This is what is so great about Microsoft - when employees get together and make a good case for a cause, the company rallies behind the employees.  I witnessed this first hand last year as part of the core team behind APLDC - the 1st Asian Pacific Leadership Development Conference, a conference geared towards creating a forum for Asian Pacific employees at Microsoft. Now here's another example - the 1st One India Women's conference in Hyderabad, India.

 Recently, I had the chance to go behind-the-scenes with one of the organizers, Haritha Kandalla. Here's  some excerpts from the conversation:

How did it all begin?

The initiative we now call WAW India (Women at work) started as a thought seeded into the minds of the women at the India Development Center (Hyderabad, India) by S Somasegar (CVP, Developer Division). A few of us decided to get together and  decided to start WAW Hyderabad, a forum that we wanted to start off small with holding small events. During one of our meetings, we realized that we were working on policies without knowing what the women professional population actually wants, and decided to go ahead and hold a conference and find out what the real areas of work are. All our energies since have centered around organizing and holding the inaugural One India Women’s Conference (held on 8-9 March, 2007), where we invited and got participation from all six MS businesses in India.

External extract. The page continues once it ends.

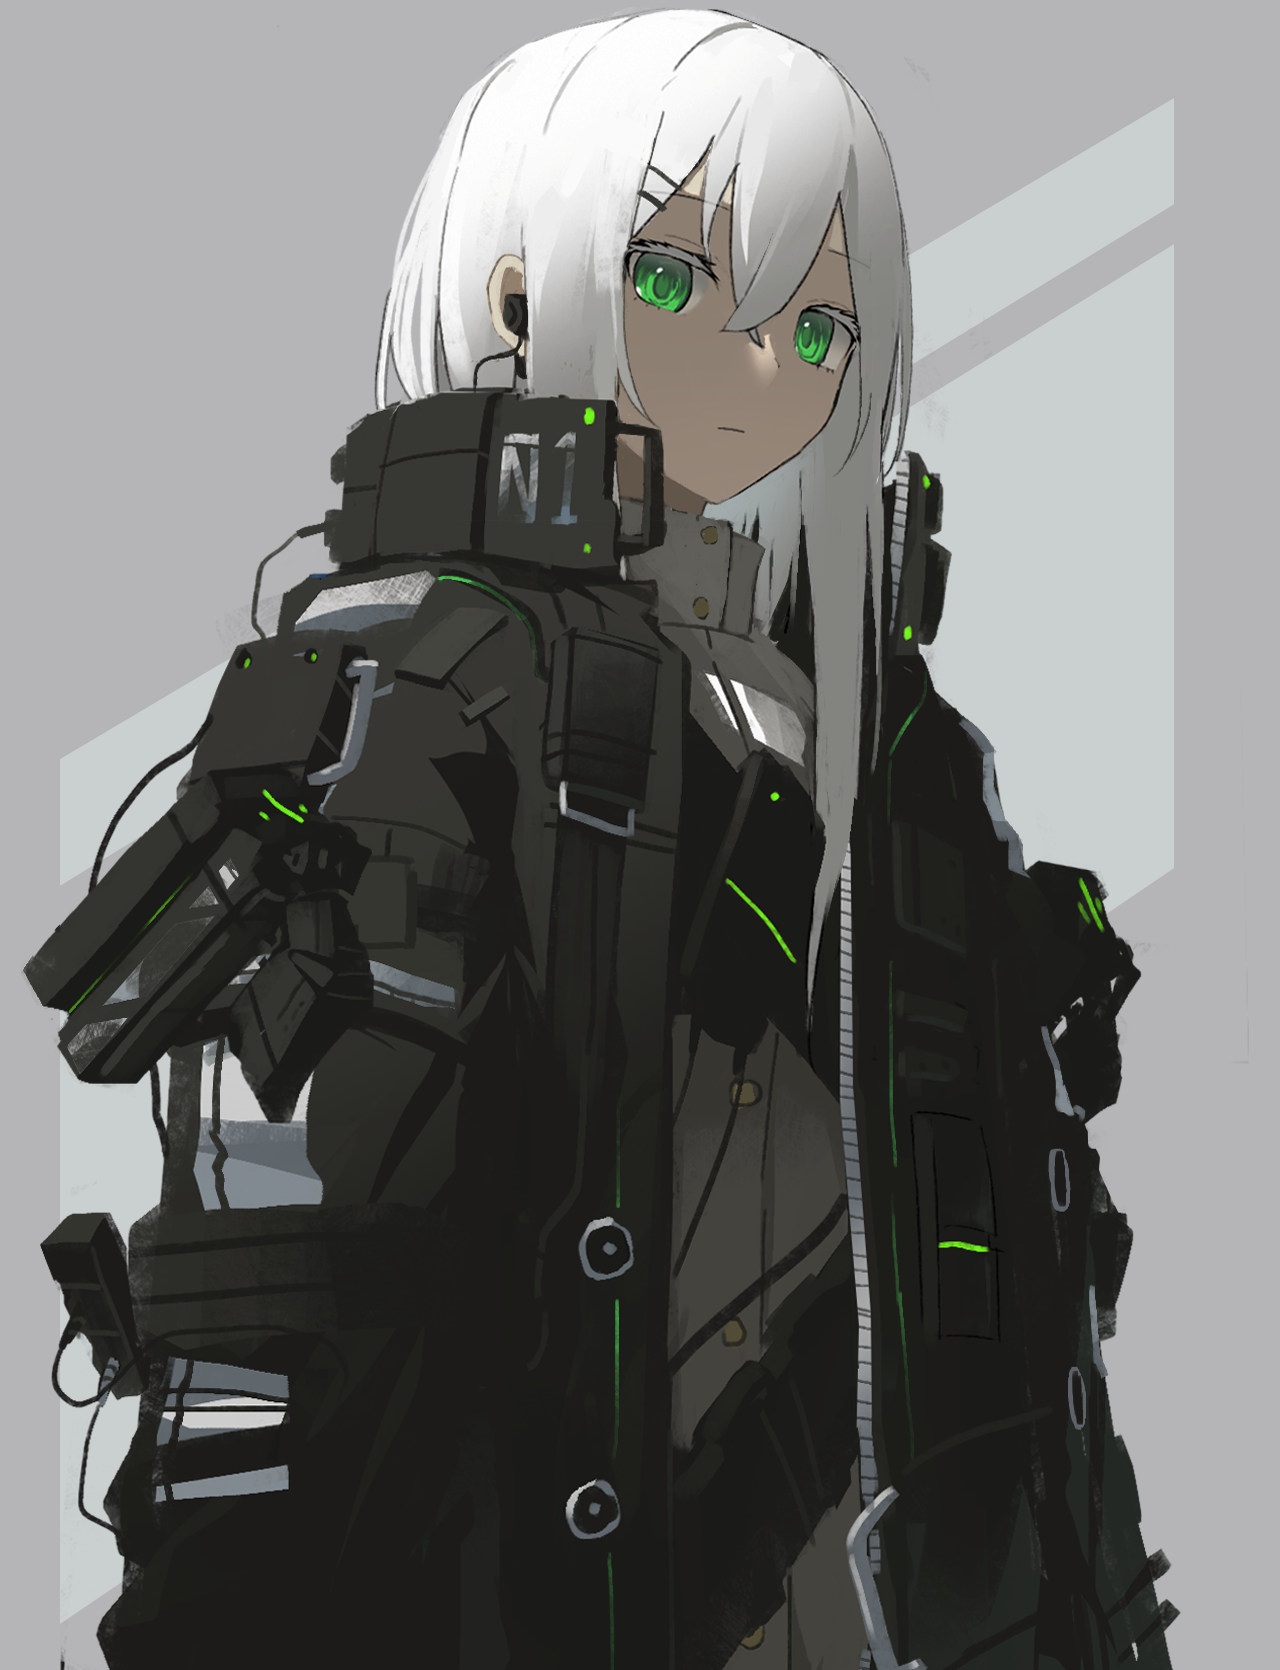 anime girl with white hair and green eyes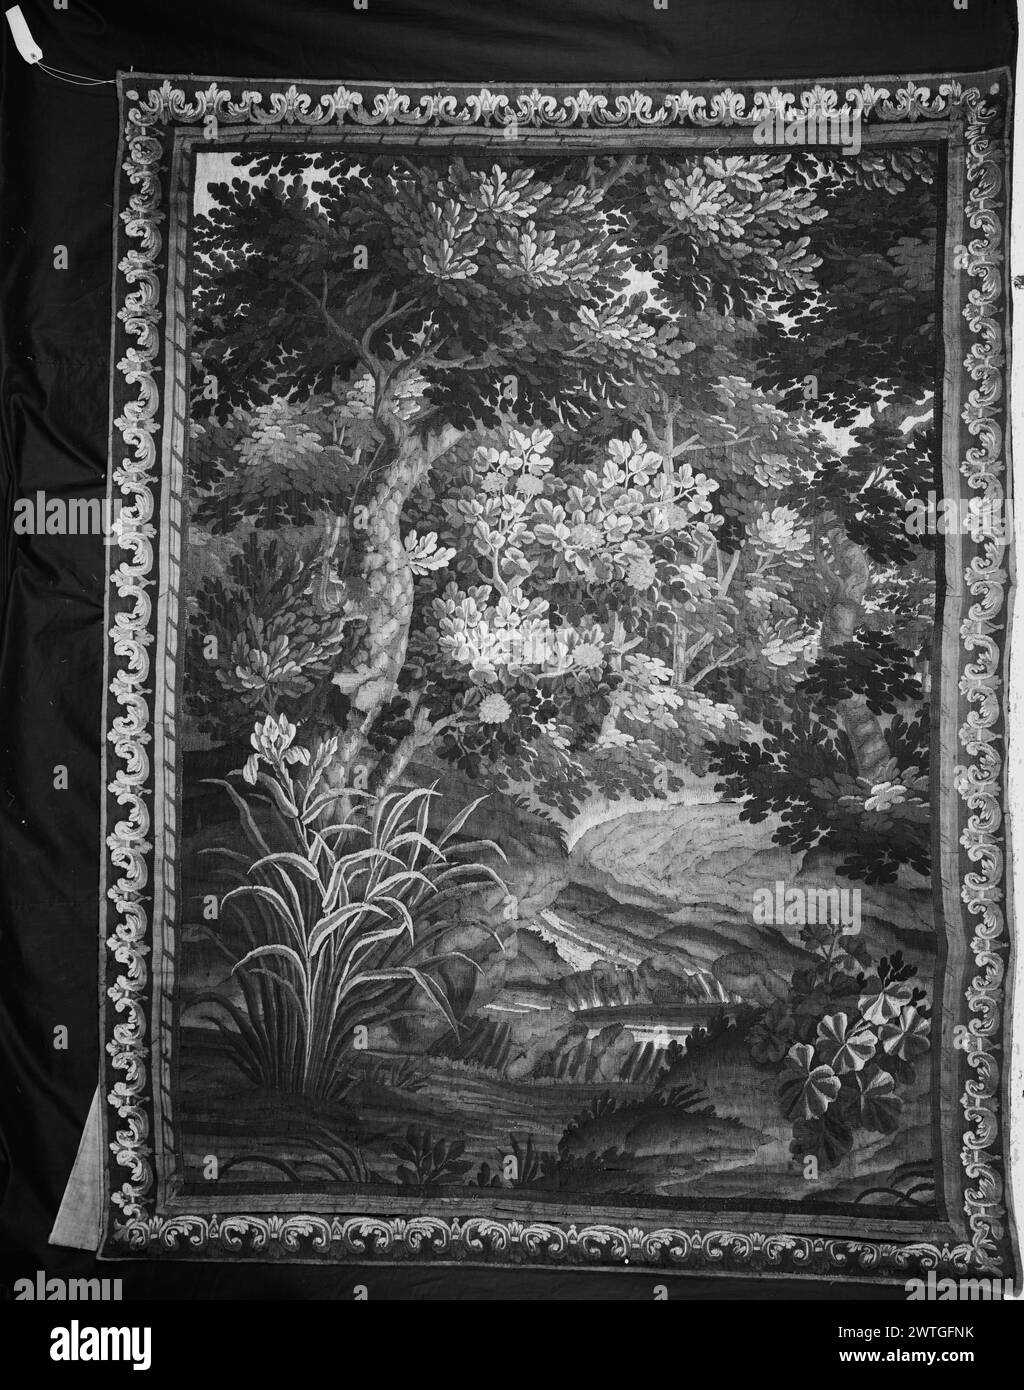 Landscape with iris in foreground. unknown c. 1670-1700 Tapestry Dimensions: H 8'7' x W 6'5' Tapestry Materials/Techniques: unknown Culture: Flemish Weaving Center: unknown Ownership History: French & Co. purchased from Mrs. Gaston Coblentz received 4/6/1949; sold to Mr. Sam Darsa 11/17/1961. Stock Photo

As part of organizing these conferences, especially when its the first time, employees find themselves really stretching themselves developing their leadership and management skills. The logistics and communication skills required to get everything lined up, speakers, food or content, takes a ton of effort and hard work.

The One Women's India had excellent speakers including  Ms. Vinita Bali (MD, Britannia Industries), Ms. Rekha Menon (Lead Exec, Accenture Geographic Services) and Ms. Sangita Reddy (MD, Apollo Hospitals Group)  Anna Collins (GM, client Services), Neelam Dhawan (MD, MS India), and Dr. Anna Rowley.

Challenges:

-          Working with a diverse set of project leaders, each with a strong set of opinions, most of them right to arrive at a consensus!

-          Working with the leaders, ensuring that the schedules matched their free time, ensuring that the agenda items they were keen to include did get addressed during the conference.

-          Working with budget constraints – we had enough money to run the conference, but we didn’t have enough to do something that would definitely stay with people as an event. We therefore had to ensure that we had content that was powerful, that the gifts we would give the participants would be extremely useful even though not costing us too much etc.

-          Working with time crunches – it was required on my occasions for me to step in when we were losing time during the run up to the conference to spend extra hours to get some work done that a particular project leader was simply unable to do due to lack of time and professional commitments.

 

What makes it worth it all is the impact on the audience - e.g. all the 120 participants came up to the organizers and told them that they had done a great job and that they really gained something significant by attending the conference. We had the same experience after APLDC - folks coming up asking why we hadnt done this before!

Now, months and months of work culminating in an impact like that – that’s truly priceless!